THE ICK FACTOR

Foreword 1:
"It's a simple recipe: you boil up the sweat and urine with distilled water and filter it to remove hair, lint and other contaminants." - A US News Reporter

Foreword 2:
Remember, Kevin Costner drinking his own Pee in the Hollywood movie "WATERWORLD" (directed by Kevin Reynolds and released in 1995).

Foreword 3:
This post is dedicated to Tamil film actor and director Kamal Haasan who never missed to include a urinating visual sequence in his movies.

Along with food warmers, modular booths, fitness equipments and a tiny fridge, another peculier but innovative instrument is also launched with the Space Shuttle Endeavour's 27th flight to the International Space Station on November 14, Friday. It is the "Water Recovery System" (WRS) that turns urine into drinking water.

The unit costing US $250 million is basically a sewage treatment plant that will be hooked up to the new US $19 million toilet. The toilet is equipped with funnels that will channel the liquids to the WRS. All the reclaimed water will go through a processing system to extract free gas and solid materials such as hair and lint.

It is then sent through a series of multi-filtration beds, in which impurities are removed through adsorption and ion exchange. Later, any remaining contaminants will be removed through a high-temperature chemical reactions which includes distilling, filtering and oxidizing. Iodine is also added to get rid of any remaining microbes.

Apart from this, the fluid from showers, shaving, tooth brushing and hand washing, as well as perspiration and water vapor that collects inside the astronauts' space suits are also purified into water. The system can capture cabin condensation too. The water recycling unit is successfully installed in the space station last Tuesday.


Water in space travel means weight in addition which dumps the valuable space on a spacecraft. "As early as the late 1960s we knew sustaining life in space would require recycling water and oxygen" says Bob Bagdigian, the project manager for the overall Regenerative Environmental Control and Life Support System on the station.

When it's fully functioning, the system will be able to pump out 93 kilograms of pure water everyday for the station's seven crew members. The recycling machine should cut down the amount of water and consumables that must be launched to the station by about $600,000 or 6,800 kilograms, a year.

"Some people may think it’s downright disgusting, but if it’s done correctly, you process water that’s purer than what you drink here on Earth. It allows us the capability of being more self sufficient and not requiring as many supplies to be sent up to the space station" says astronaut Heidemarie Stefanyshyn-Piper.

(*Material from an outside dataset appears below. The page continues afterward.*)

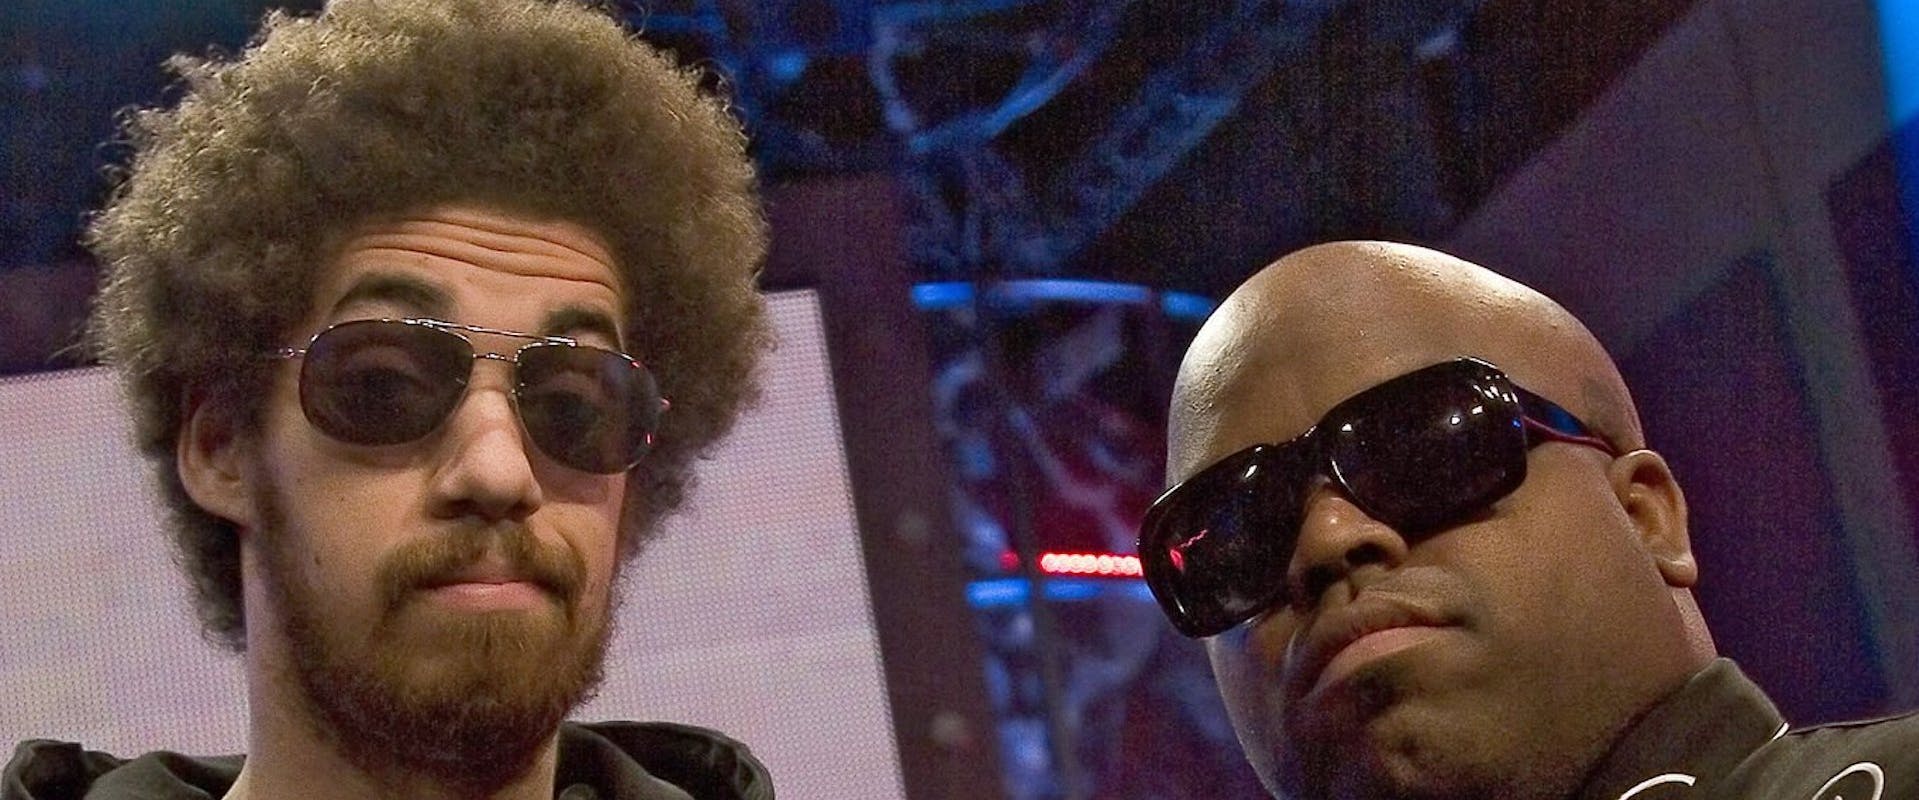 (L-R) DJ DANGER MOUSE and CEELO GREEN of the duo Gnarls Barkley
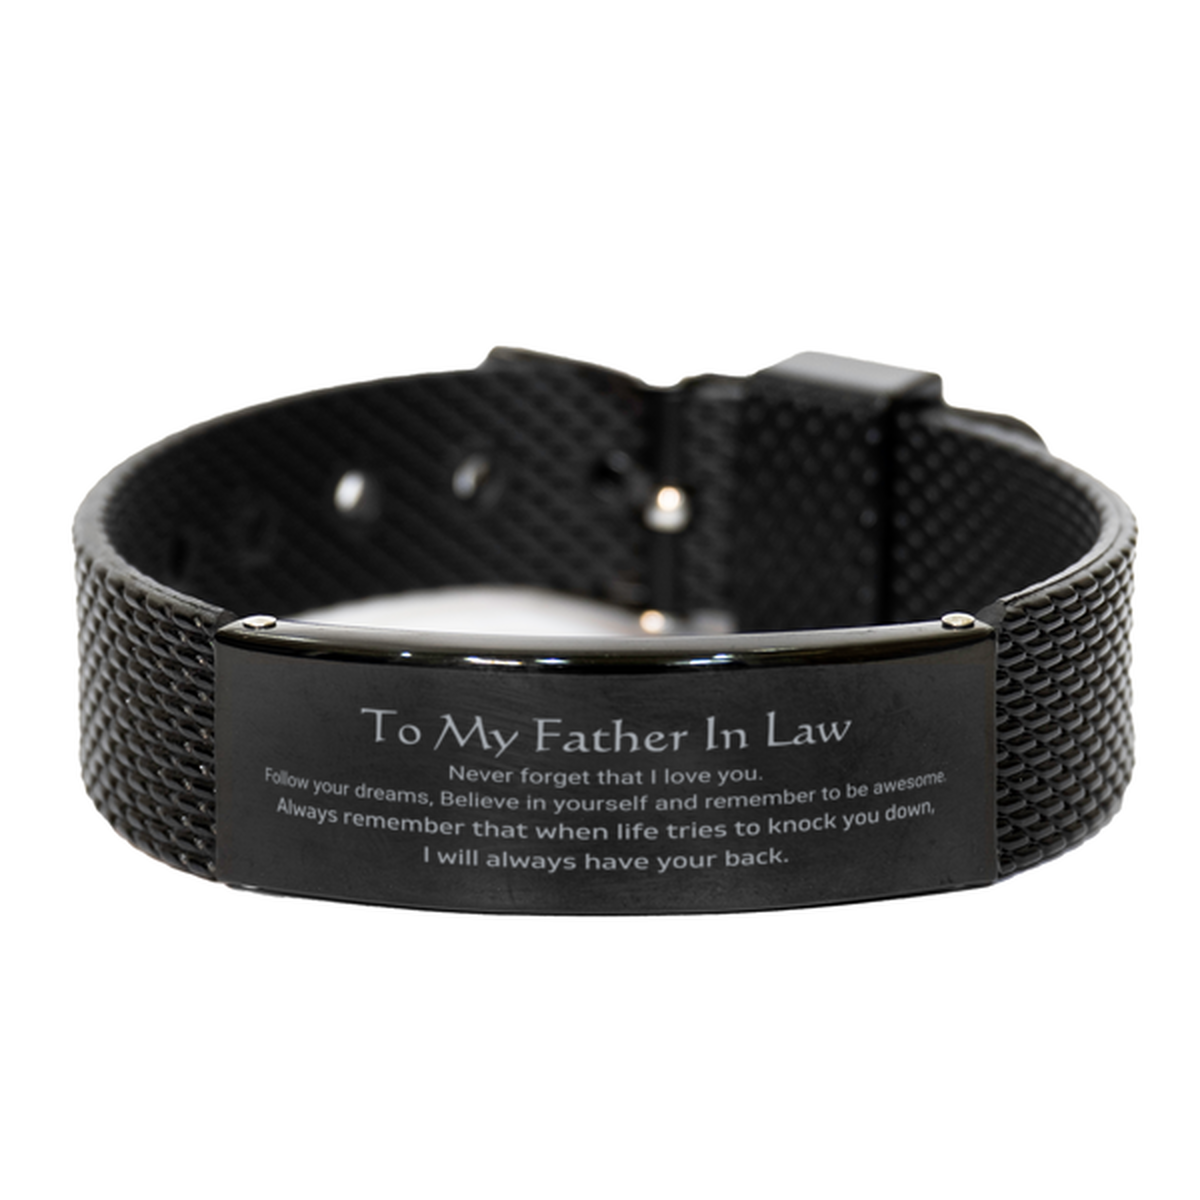 Inspirational Gifts for Father In Law, Follow your dreams, Believe in yourself, Father In Law Black Shark Mesh Bracelet, Birthday Christmas Unique Gifts For Father In Law

Indeed, if successful, the WRS system will be crucial to some of the long-term missions (like moon or mars) NASA is planning for the future (In its shuttle program in 2010, the electrical systems create water as a bi-product and after recycling it will answer much of the station's drinking water requirement).

Tail-piece 1:
Waiting for the new device are five containers of waste water from the Russian toilet aboard the space station to get recycled.

Tail-piece 2:
The astronauts won’t be drinking the water produced from the unit immediately. A sample will be taken back down to earth for testing.

Tail-piece 3:
Sources say that NASA is going to commercialise the Water Recovery System and make it
available for common man to enjoy (?!).